Provided information -
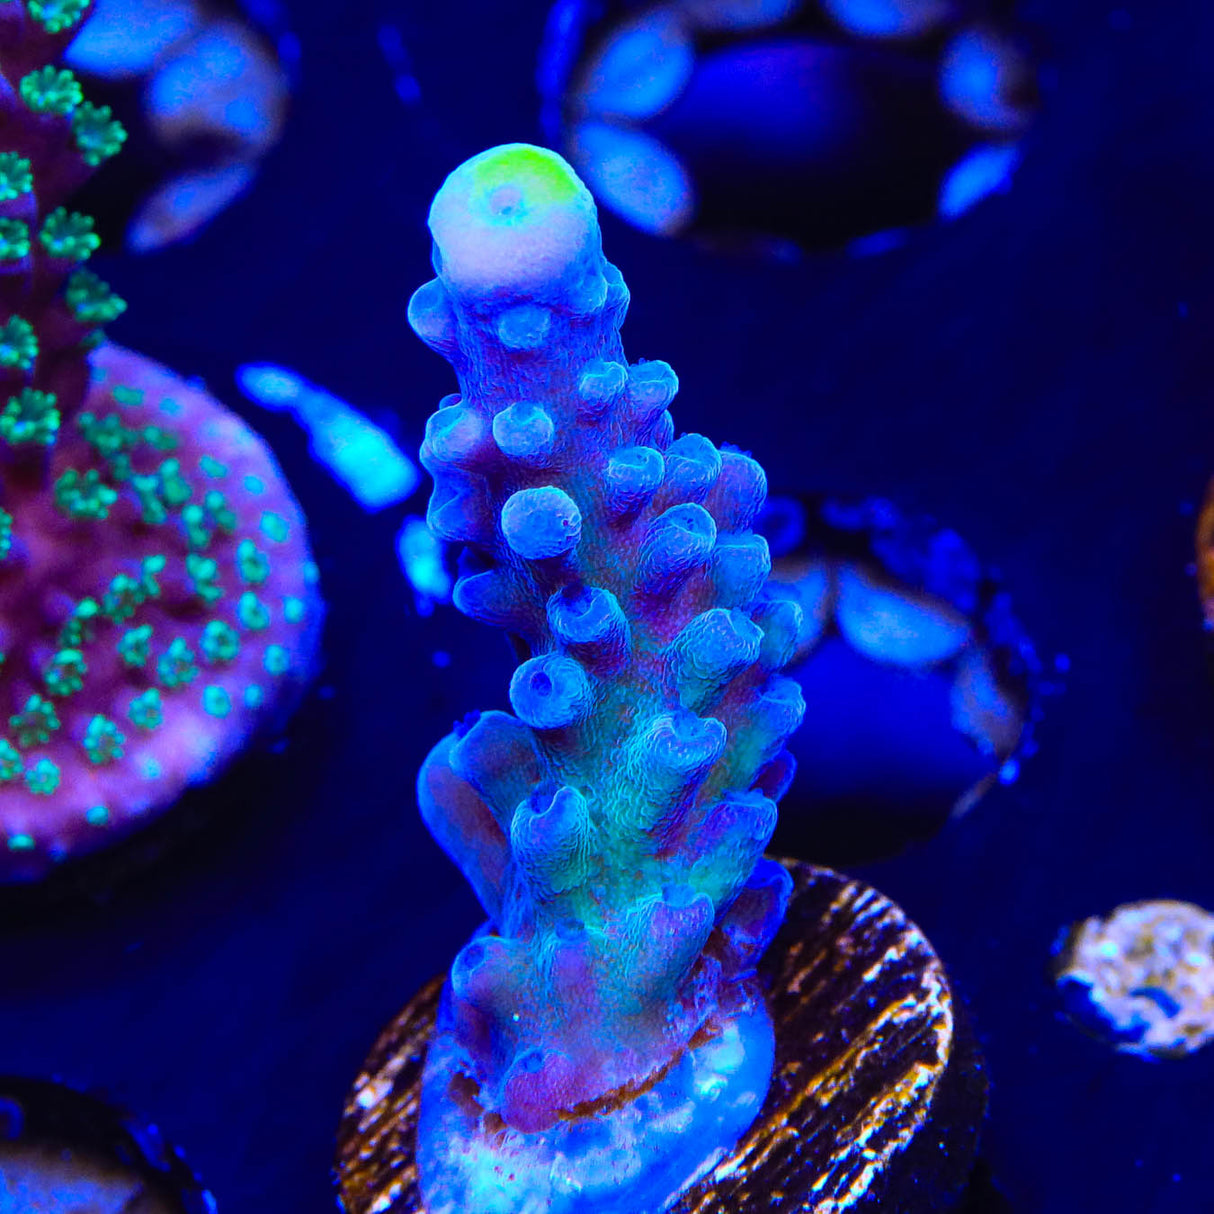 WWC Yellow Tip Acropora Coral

==

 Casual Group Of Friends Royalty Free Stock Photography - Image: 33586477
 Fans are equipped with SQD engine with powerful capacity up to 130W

...

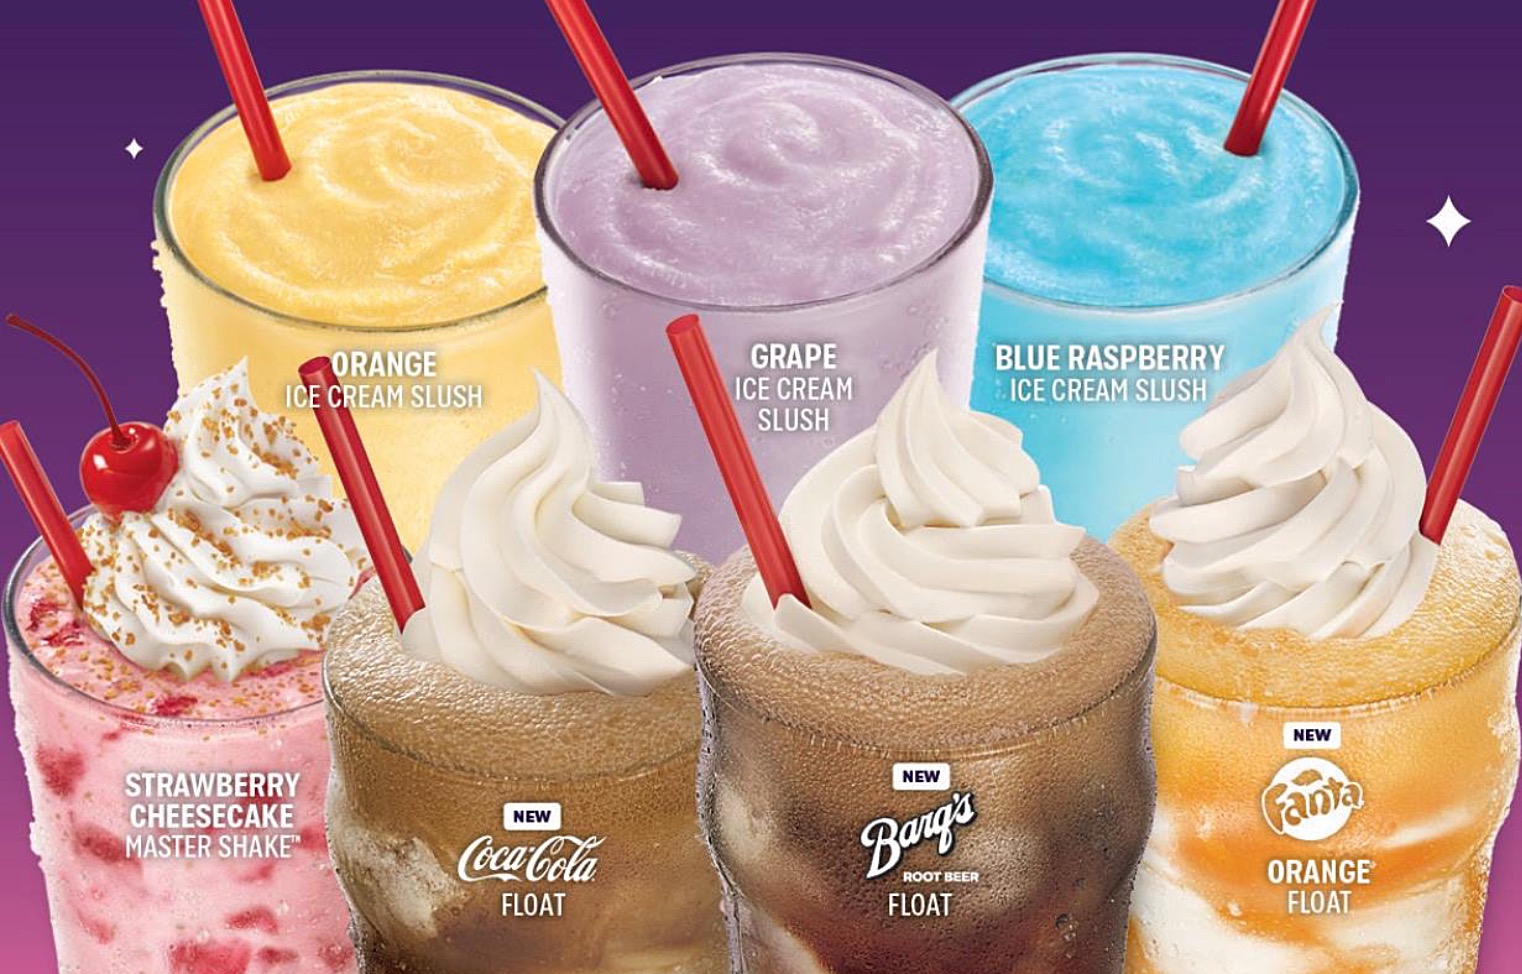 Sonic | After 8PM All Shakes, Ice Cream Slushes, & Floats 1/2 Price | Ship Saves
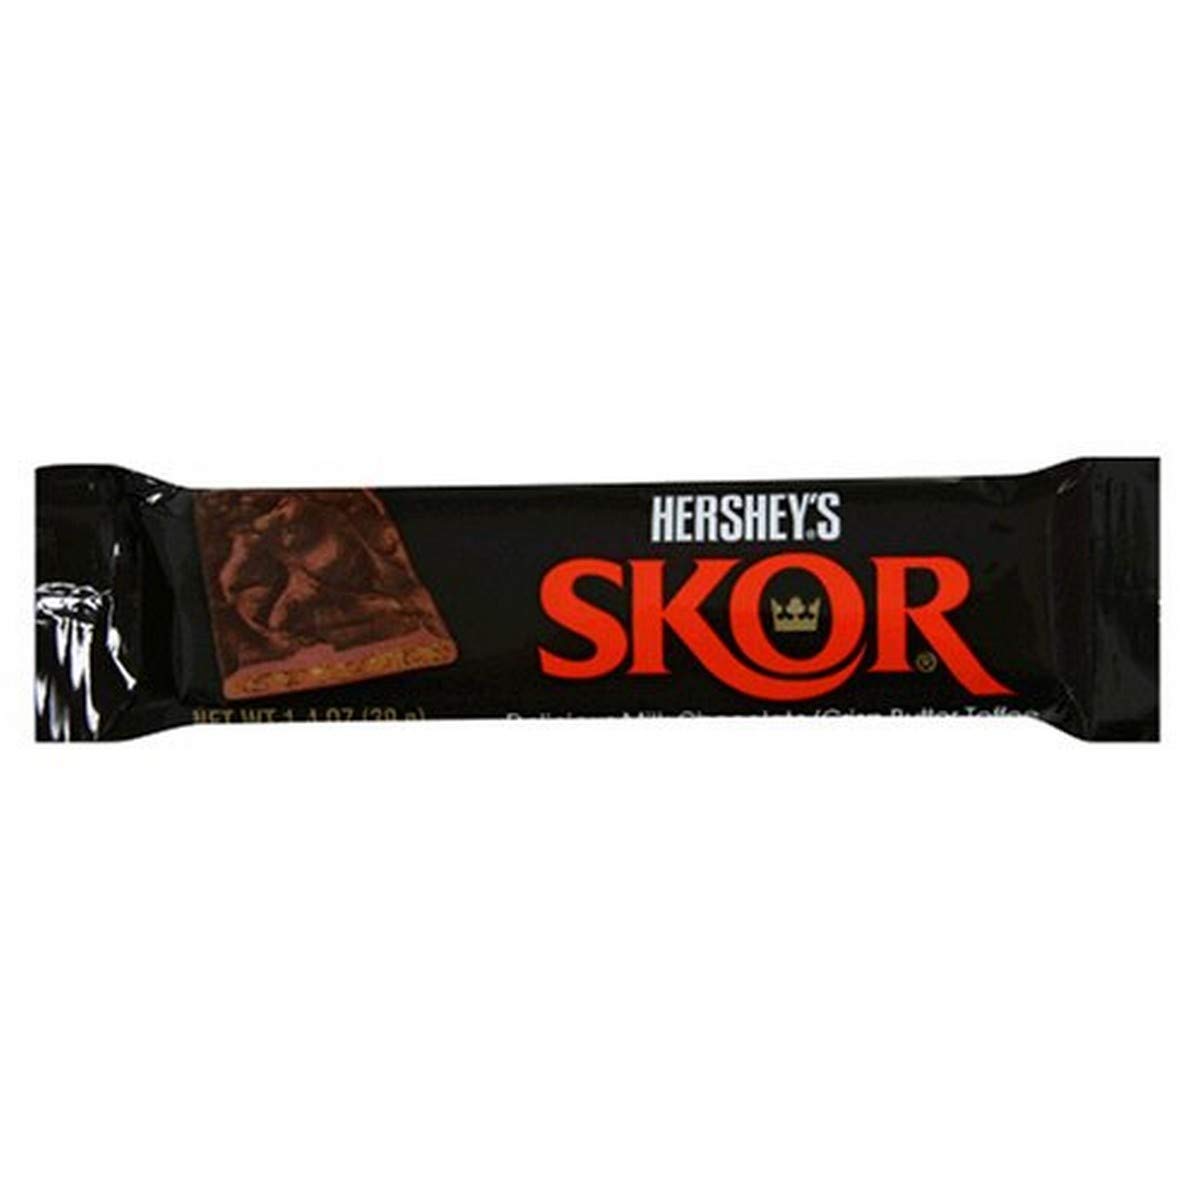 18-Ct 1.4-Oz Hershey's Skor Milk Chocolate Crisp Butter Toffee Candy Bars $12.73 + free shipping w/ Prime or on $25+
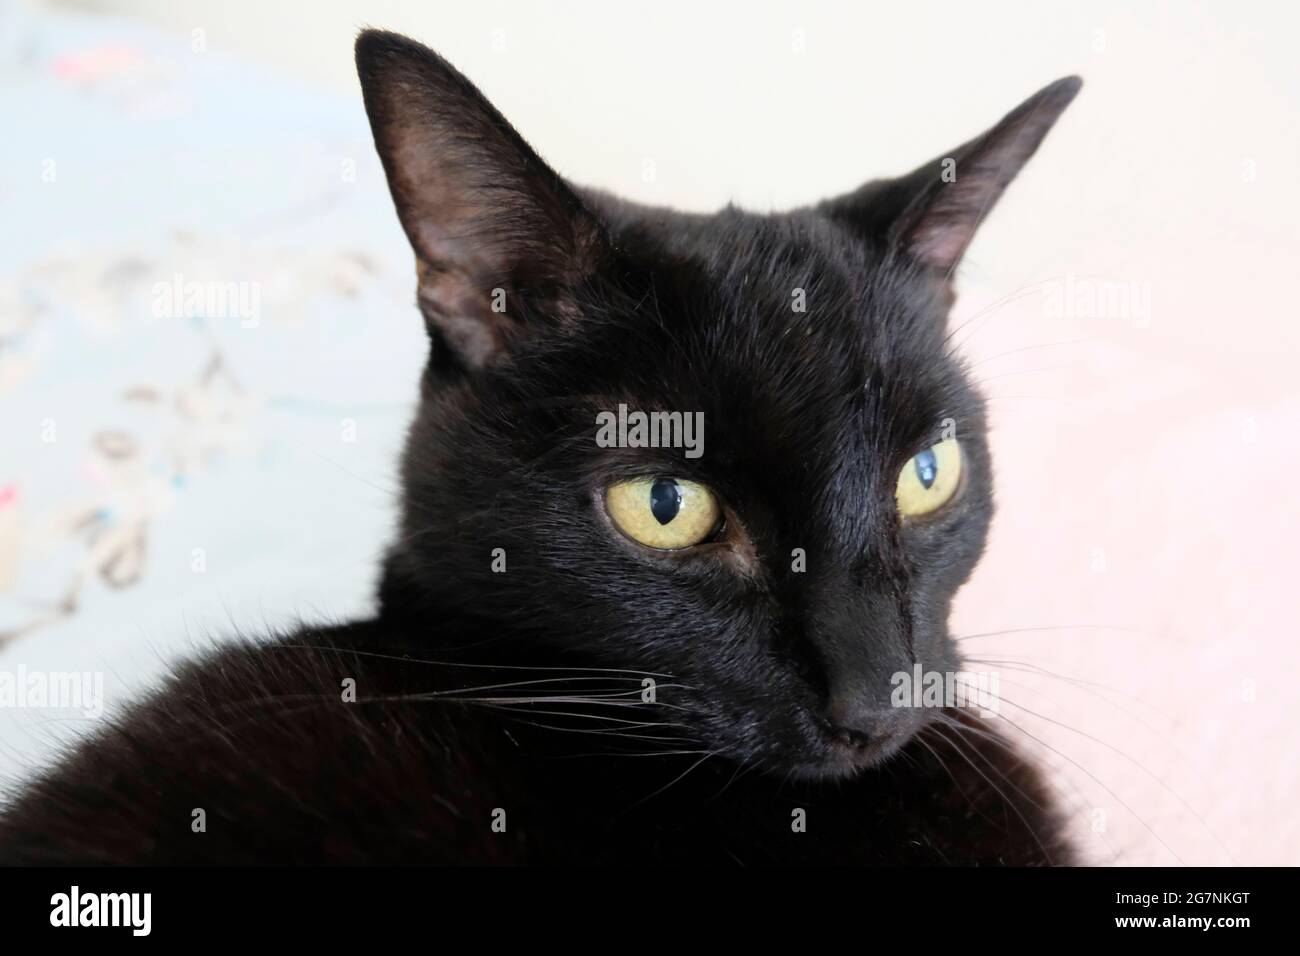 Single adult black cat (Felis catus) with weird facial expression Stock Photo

Task to complete - A word-for-word reproduction is needed of the lines above from the line containing "18-Ct 1.4-Oz Hershey's" through the line containing "Single adult black", with both ends kept and no pictures.

Solution -
 18-Ct 1.4-Oz Hershey's Skor Milk Chocolate Crisp Butter Toffee Candy Bars $12.73 + free shipping w/ Prime or on $25+
 Single adult black cat (Felis catus) with weird facial expression Stock Photo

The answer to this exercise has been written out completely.